The espresso, no, but thinking about blowing $335 on it very well might.
If I had a coffee shoppe with clientele willing to pay that much for a shot I would absolutely provide it - gold cup and all.
I would also use the absolute cheapest beans and plain tap water, and I would spit in it.
Why does it cost $335? Because they can charge that and get away with it - there’s a sucker born every minute. I bet it actually costs little more than a regular espresso, and if it does, because, say, the ‘special’ beans cost a lot, that’s the supply chain taking the piss, too.
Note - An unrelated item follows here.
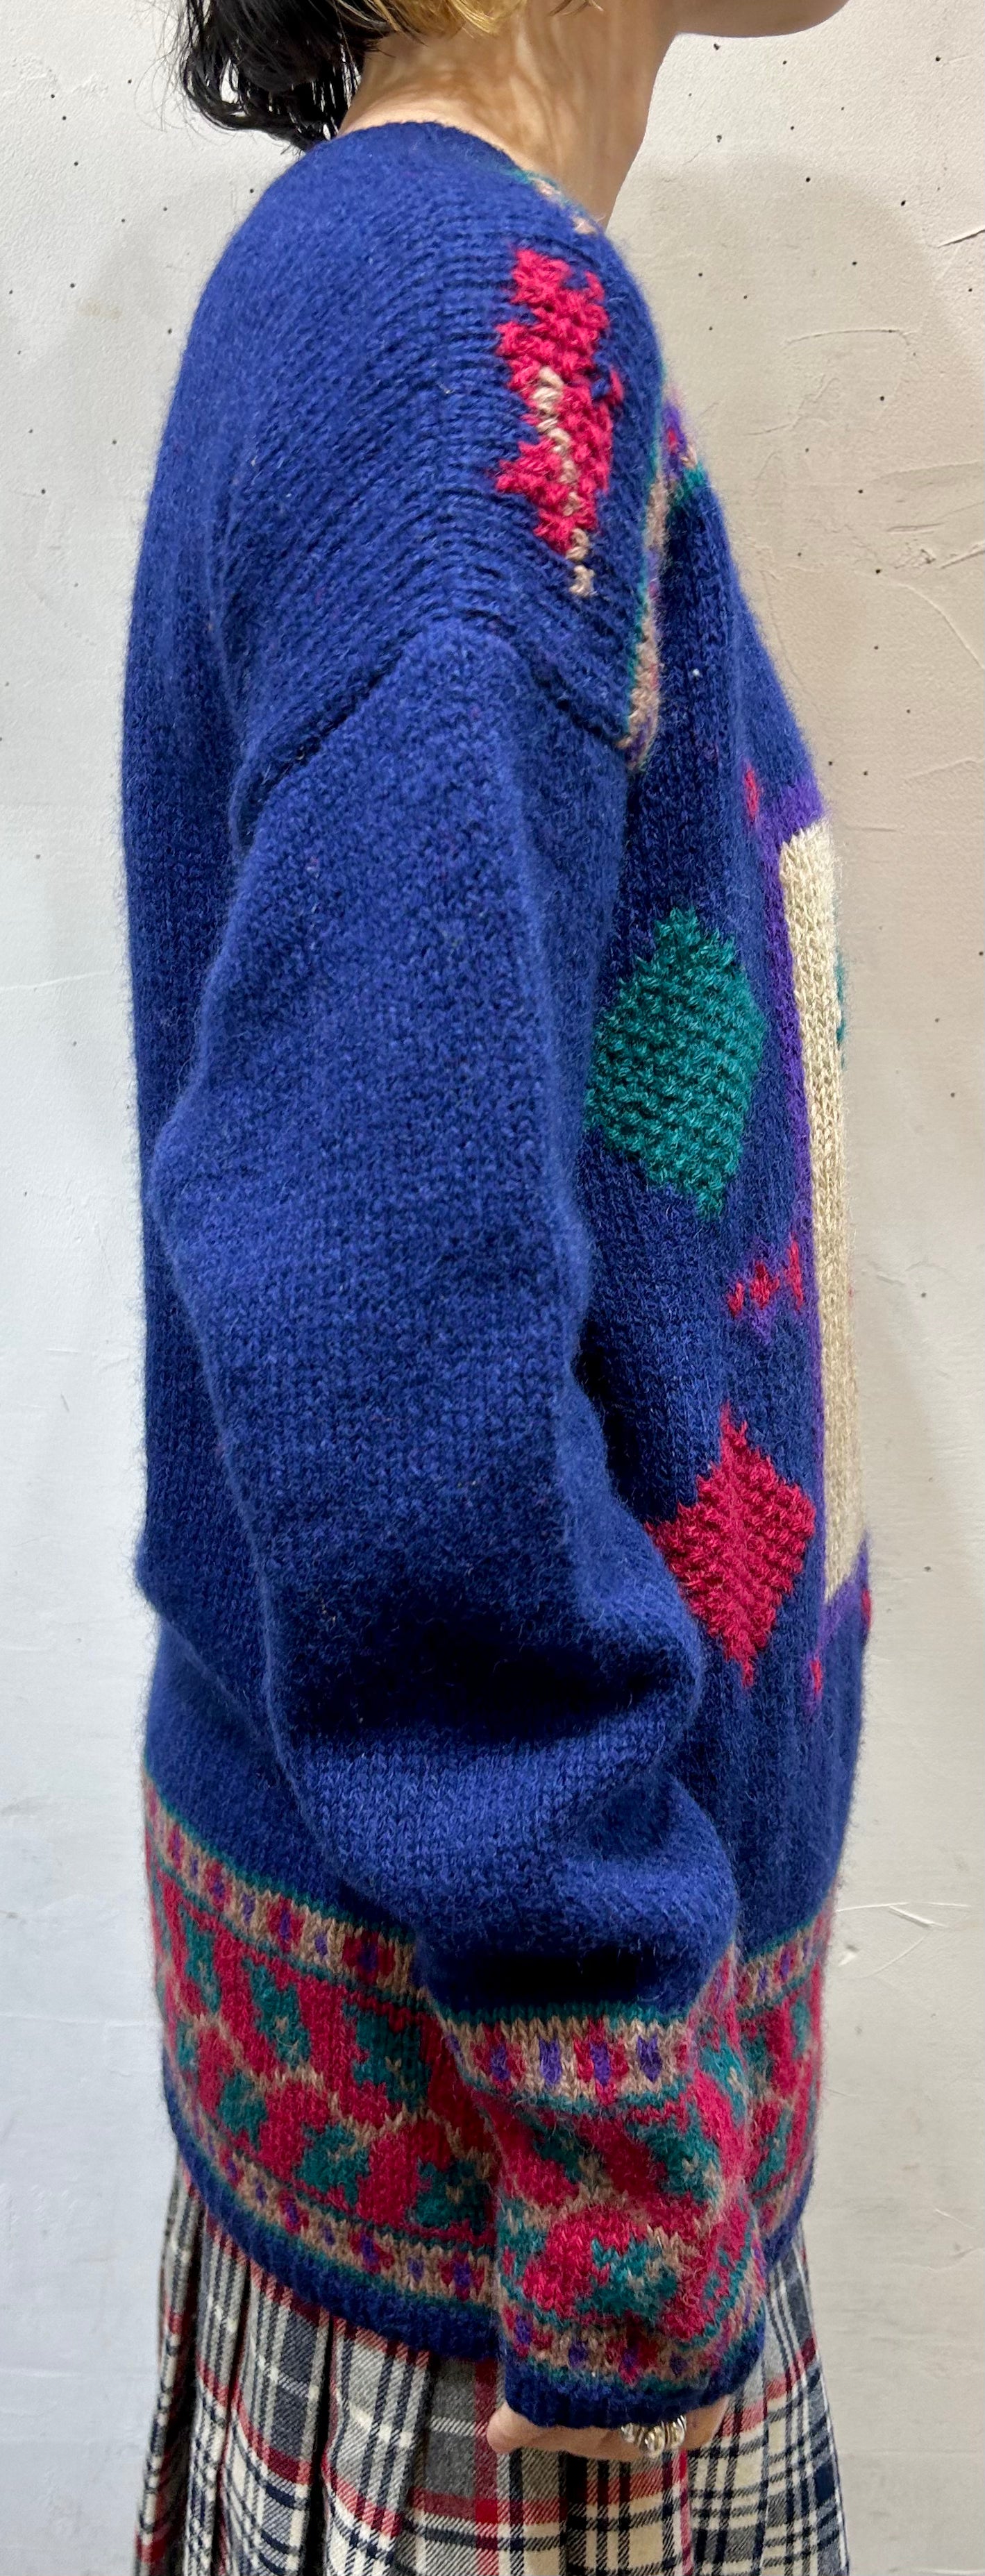 Vintage Hand Knit Sweater [L25725]

Yeah, the thing that gets me about these kind of “novelty” luxury items on menus is the logistics. Anyone who’s worked in a restaurant would know, they’re probably not stocking a unique bean just for this, else it wouldn’t stay fresh enough to warrant the cost unless people were ordering this regularly. So chances are that if you order it, you’re getting the same old beans some other schmo is slurping down for a meager 7£ but just with fancier presentation.
It might be worthwhile if I got to keep the gold cup and spoon, and I could sell them to recoup the cost of the overpriced bean drink.
“It’s not good taste; it’s Veblen good taste!”
Yep, and a clear marker they’re extremeley undertaxed…
It’s the ideal accompaniment to an Antares parakeet gland on a stick.
It’s more concerning to me that based on the quick review, it sounds like it is an under-extracted shot.
I mean yes the whole thing is absurd, but imagine paying that much and it tasting worse than 7-Eleven ‘espresso’
Alternative take: Price anchoring. This $335 drink is only on the menu to make their $93 cat poop coffee seem like a bargain.
I kind of like it on the thesis that you should of course bring your own golden service to save the $332, and that of course [not having brought your own 80 oz. vacuum insulated mug, even] you get $300 back if they withdraw the service successfully while you savor the taste (how would you make good on the float though? That’s your coffee sophisticate tell there, subletting the demitasse and spoon until the wait persons cruise back by.)
If someone wants the experience of paying $335 for an espresso shot, they can always just leave an enormous tip.